Corte di Giustizia, Grande sezione, cause riunite C-512/22 P | Fininvest / BCE e a. e C-513/22 P | Berlusconi / BCE,  19 settembre 2024, (Impugnazione – Politica economica e monetaria – Vigilanza prudenziale sugli enti creditizi – Direttiva 2013/36/UE – Regolamento (UE) n. 1024/2013 – Compiti specifici di vigilanza attribuiti alla Banca centrale europea)

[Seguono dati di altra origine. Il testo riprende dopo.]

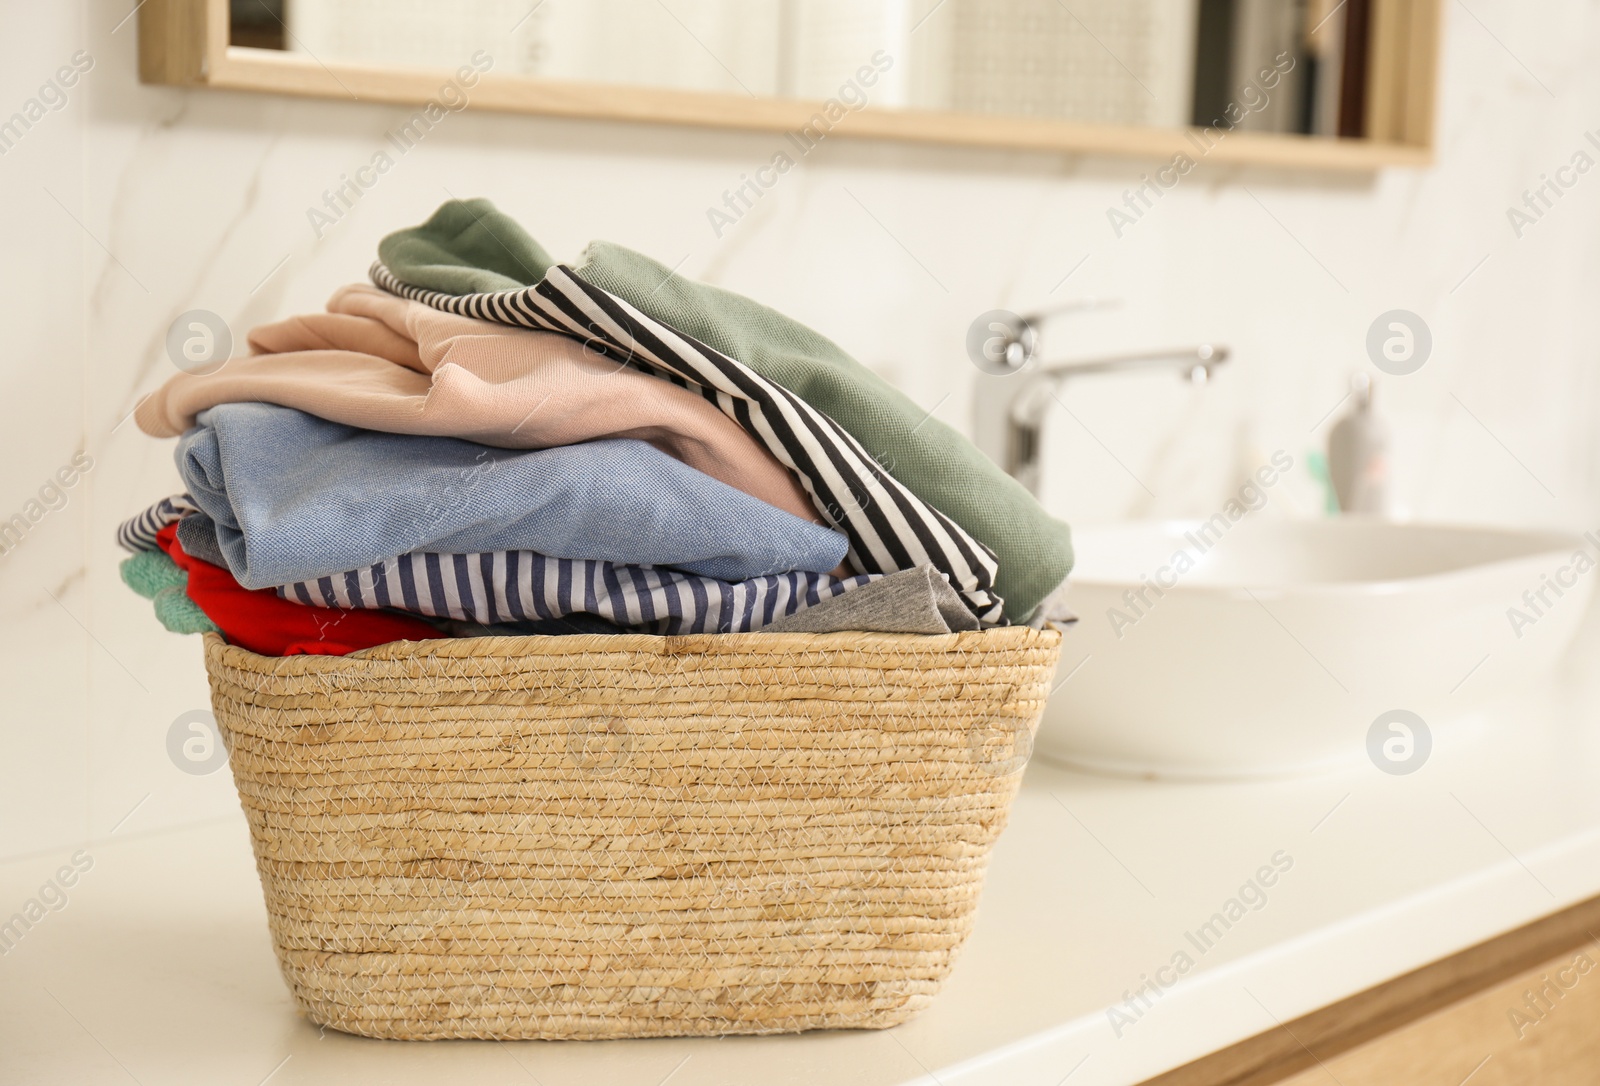 Photo of Wicker basket with laundry on countertop in bathroom

Nel 2014 la Banca d’Italia ha ordinato la cessione, entro 30 mesi, della partecipazione di Fininvest in Mediolanum superiore 9,99 % e la sospensione immediata dei diritti di voto inerenti alle azioni corrispondenti. L’adozione di tale misura era motivata dal fatto che Silvio Berlusconi era stato dichiarato colpevole di frode fiscale (la riabilitazione di Berlusconi è avvenuta nel 2018) e, di conseguenza, non soddisfaceva più il requisito di onorabilità al quale è subordinata la detenzione di una partecipazione qualificata. La decisione della Banca è stata annullata dal Consiglio di Stato italiano il 3 marzo 2016. Nel frattempo, nel 2015 la Mediolanum è stata incorporata dalla sua società figlia Banca Mediolanum. A seguito di tale assorbimento e della decisione del Consiglio di Stato, la Banca d’Italia e la BCE hanno ritenuto che Silvio Berlusconi e la Fininvest avessero acquisito una partecipazione qualificata nel capitale di Banca Mediolanum. Orbene, il diritto dell’Unione prevede che una siffatta acquisizione debba essere preceduta da una notifica ed essere oggetto di una valutazione da parte dell’autorità nazionale competente, che trasmette successivamente alla BCE una proposta di decisione. Spetta poi alla BCE opporsi o meno all’acquisizione della partecipazione qualificata. Interpellata dalla Banca d’Italia, la BCE si opponeva all’acquisizione di una partecipazione qualificata di Silvio Berlusconi in Banca Mediolanum in mancanza del requisito dell’onorabilità. Il ricorso di Silvio Berlusconi e della Fininvest per ottenere l’annullamento di tale decisione della BCE è stato respinto dal Tribunale dell’Unione. Su impugnazione di Fininvest e degli aventi causa di Silvio Berlusconi, la Corte di Giustizia ha annullato sia la sentenza del Tribunale dell’Unione che la decisione della BCE. Secondo la Corte,  non si poteva ritenere che Silvio Berlusconi avesse acquisito una partecipazione qualificata nel 2016, avendo egli soltanto conservato una partecipazione qualificata acquisita ben prima, a una data in cui le disposizioni di diritto dell’Unione applicate dalla BCE non erano ancora state recepite nell’ordinamento italiano. Poiché tali disposizioni sono prive di efficacia retroattiva, la BCE non poteva legittimamente opporsi alla detenzione di una partecipazione qualificata in Banca Mediolanum da parte di Silvio Berlusconi.